The Birmingham music – ushered in as it was throughout the tour – by a fully blown Stevie harmonica work out on the Miles Davis standard ‘All Blues’ – had less songs than the Manchester gig – twenty four – though included two more hit singles. The two set lists were very similar, though as with all Stevie shows, never the same. By the time this ‘UK three shows in four days tour’ turned up at London’s O2, new plans had been put in place to return – with the cameras in tow – at the end of the month. Filmed over two nights, was what turned out to be Stevie’s first ever concert DVD release, appropriately titled ‘At Last’. The music, including the sing-along hits, the ballads, the odd cover version, and the odd guest, was in line with the Manchester and Birmingham gigs, with the ‘chat’ not totally dismissed or ignored, but, maybe as a result of some feedback, or maybe on editorial advice was now to some extent at least, toned down and edited by Stevie himself, as the previous long speech was now condensed into some closing abridged remarks.

It would be difficult not to acknowledge the fact, and, whether the ‘detractors’ knew it or not, that they had won the day.

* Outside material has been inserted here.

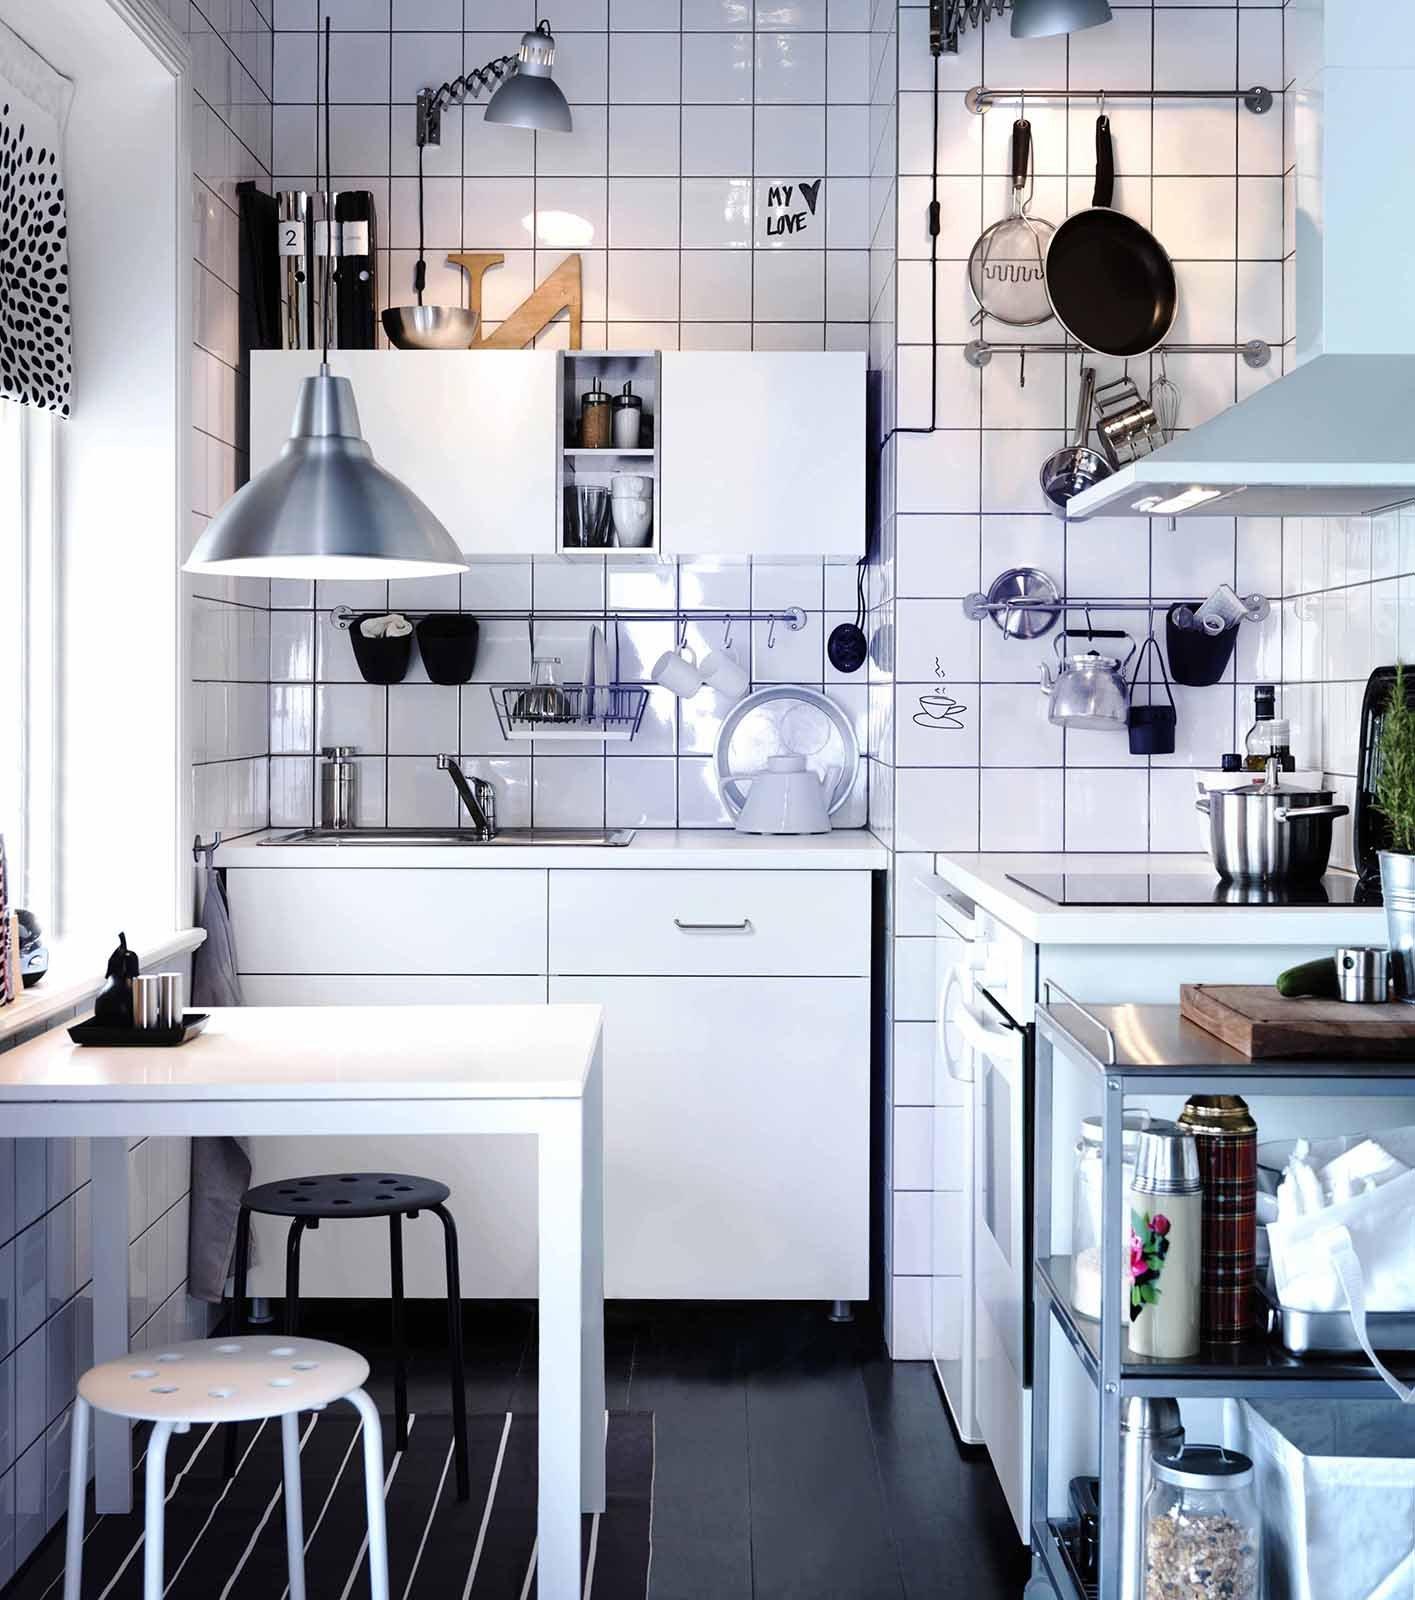 Illuminazione cucina la luce nel punto giusto - Quanto costa cucina ikea ...

For an artist who was famous before most of his UK audiences were born, and for someone who was great before many knew that his music existed, it saddened me to think that even Stevie was now forced to cede to popular demand, and even accepting the old adage that ‘you can’t please all of the people all of the time’, this only appeared to endorse the view, that those who shout loudest usually win the day.